** GIVEN INFORMATION **
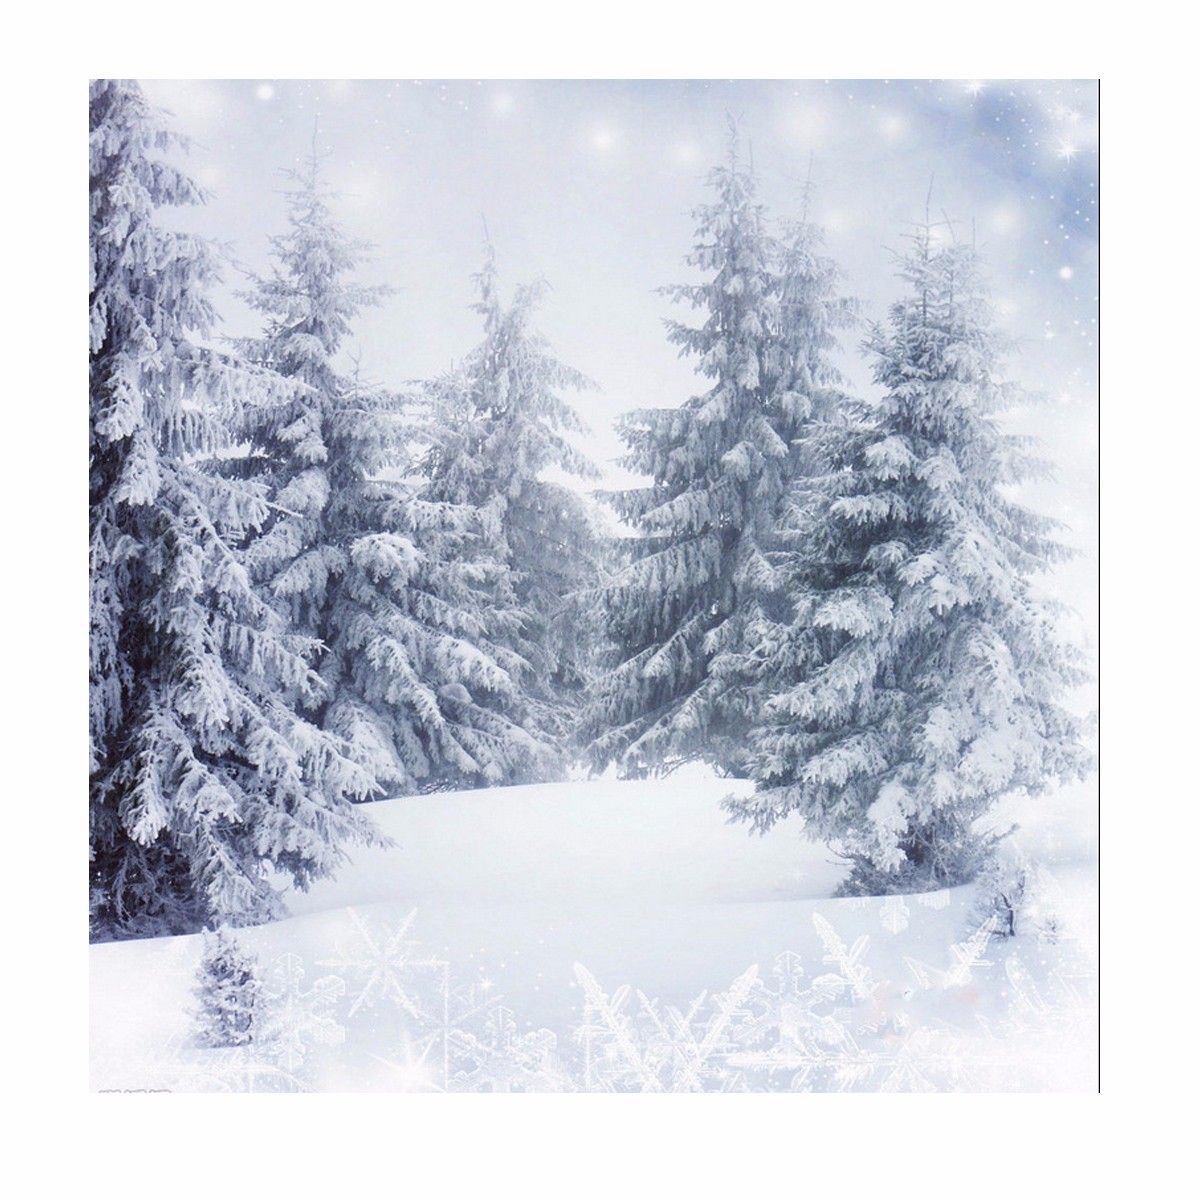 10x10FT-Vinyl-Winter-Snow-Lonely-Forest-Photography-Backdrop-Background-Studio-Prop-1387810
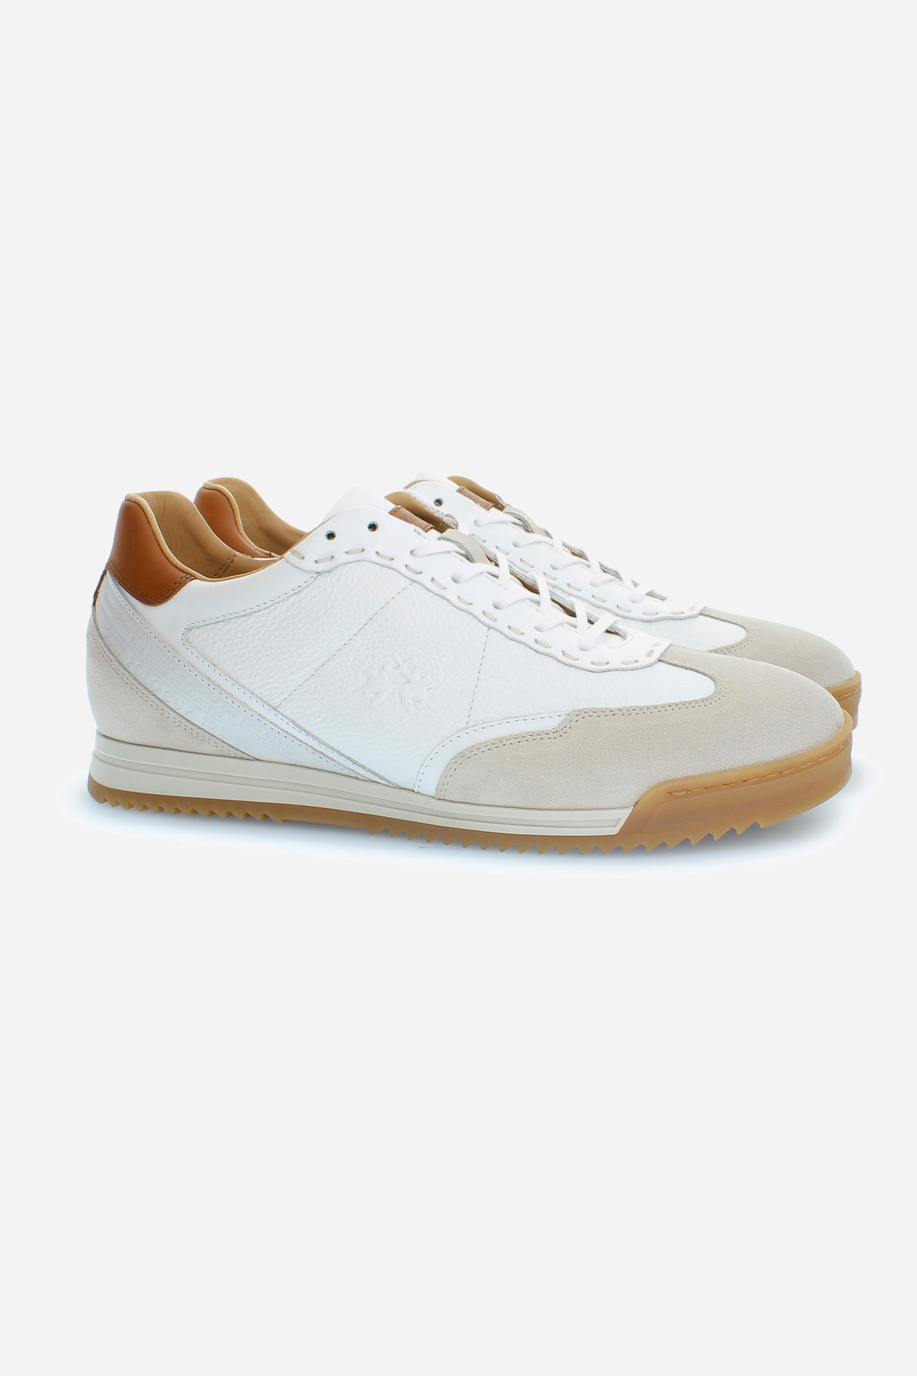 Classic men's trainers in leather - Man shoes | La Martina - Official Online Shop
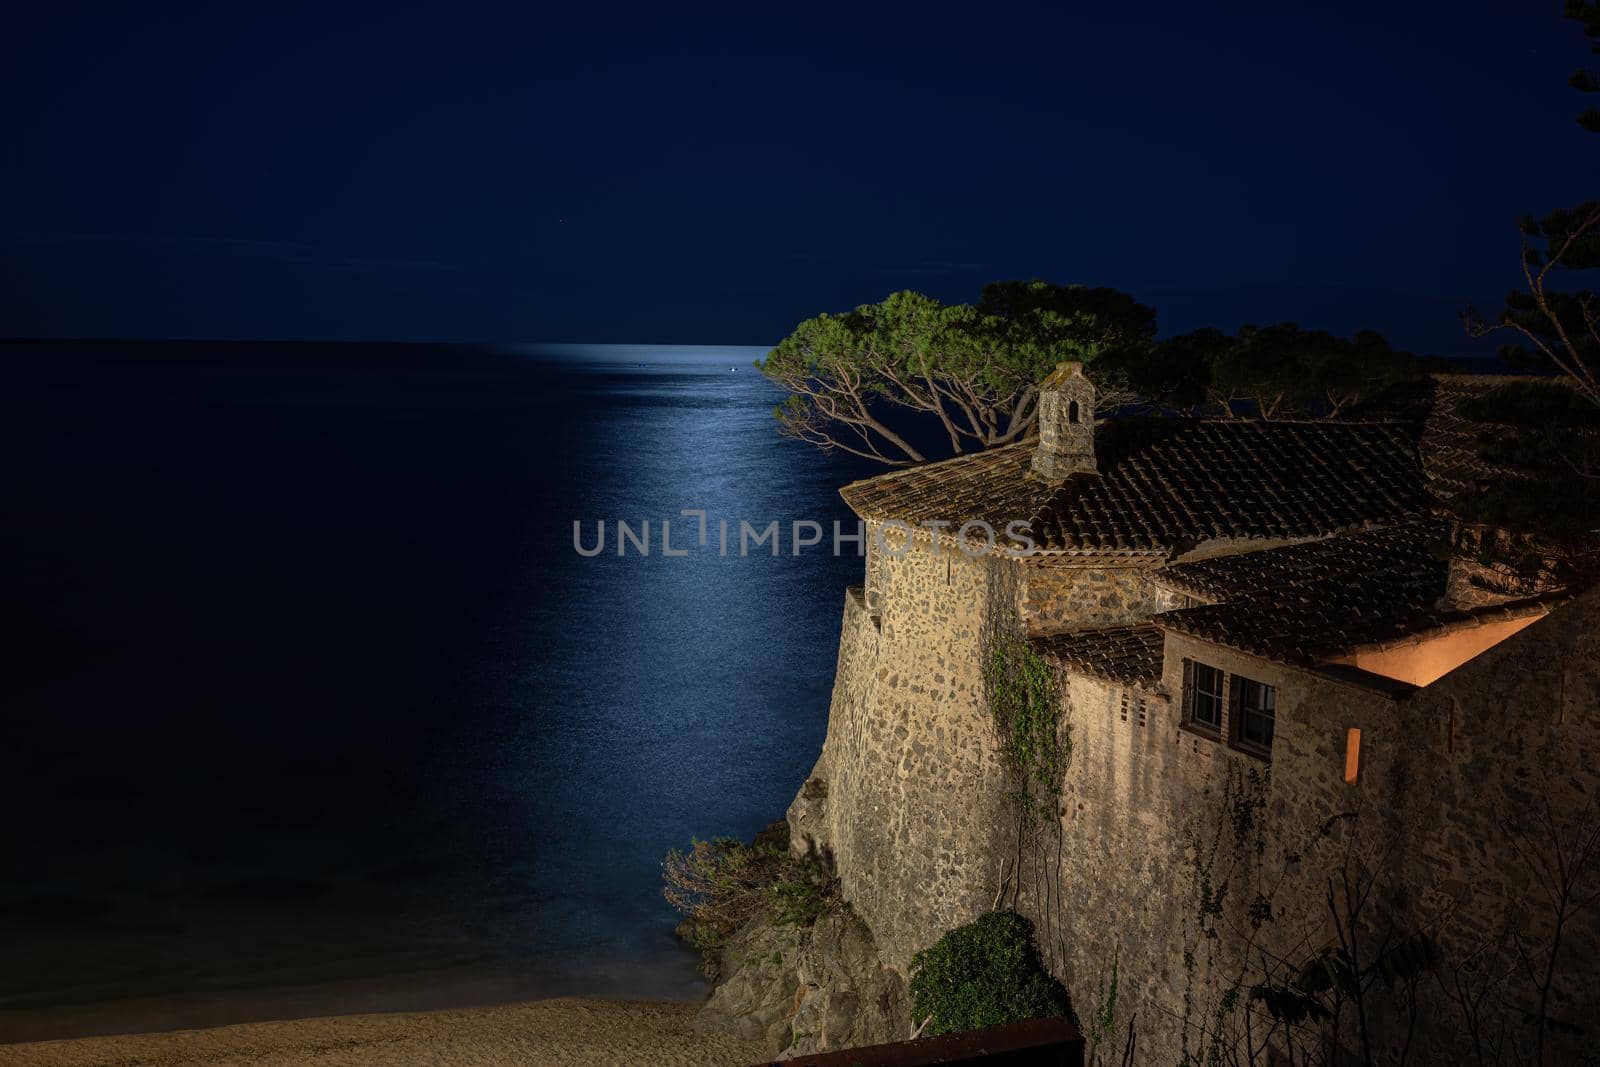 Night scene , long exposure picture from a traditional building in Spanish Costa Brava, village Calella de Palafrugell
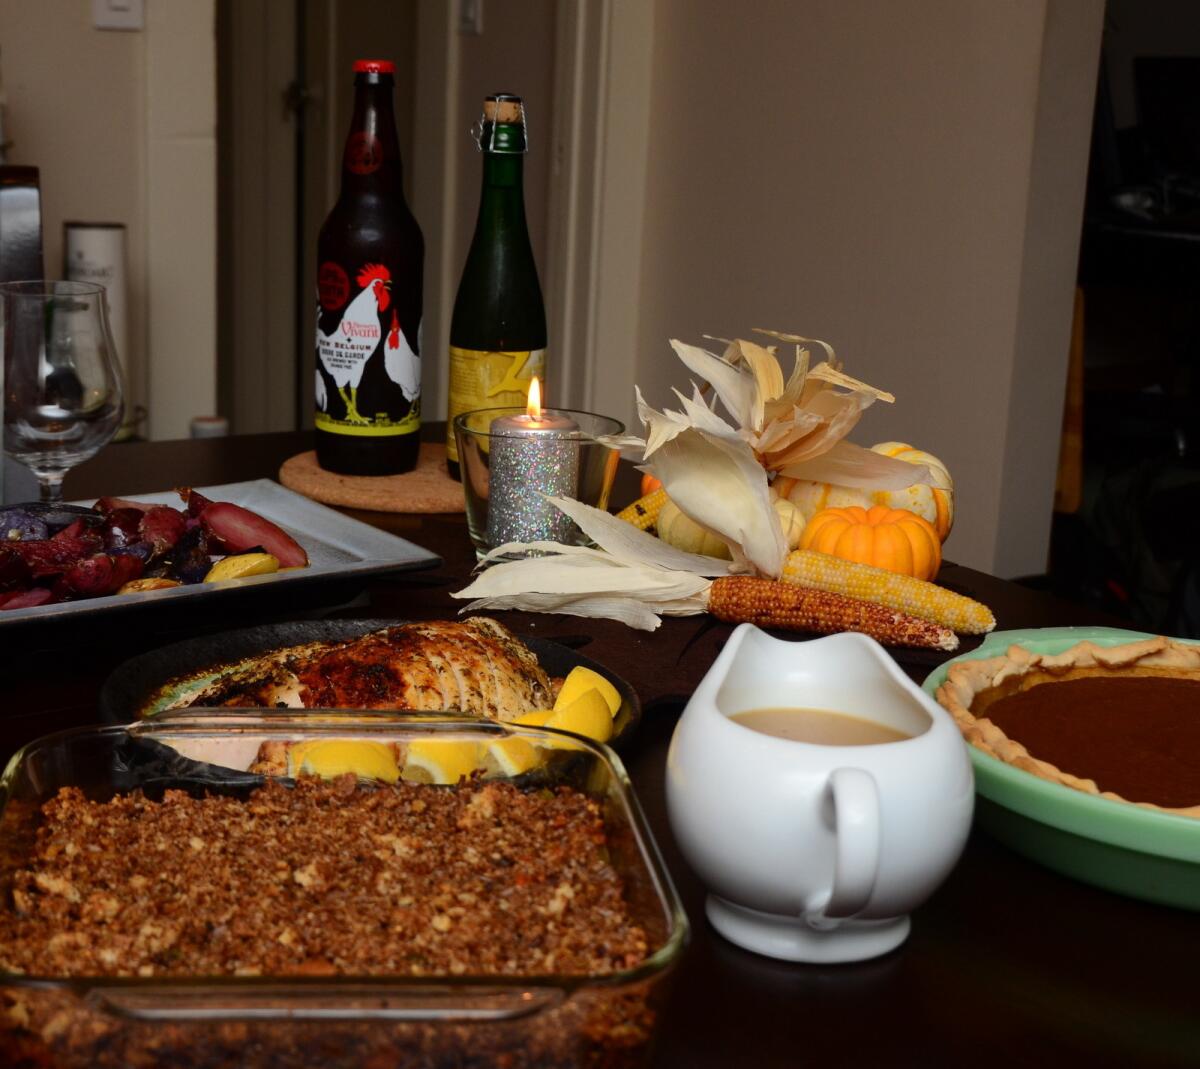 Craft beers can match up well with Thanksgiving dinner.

** PROBLEM DETAILS **
This task calls for the lines from the line holding "Night scene , long" through the last line above, restated word for word with both ends included and the pictures dropped.

** EXERCISE SOLUTION **
 Night scene , long exposure picture from a traditional building in Spanish Costa Brava, village Calella de Palafrugell
 Craft beers can match up well with Thanksgiving dinner.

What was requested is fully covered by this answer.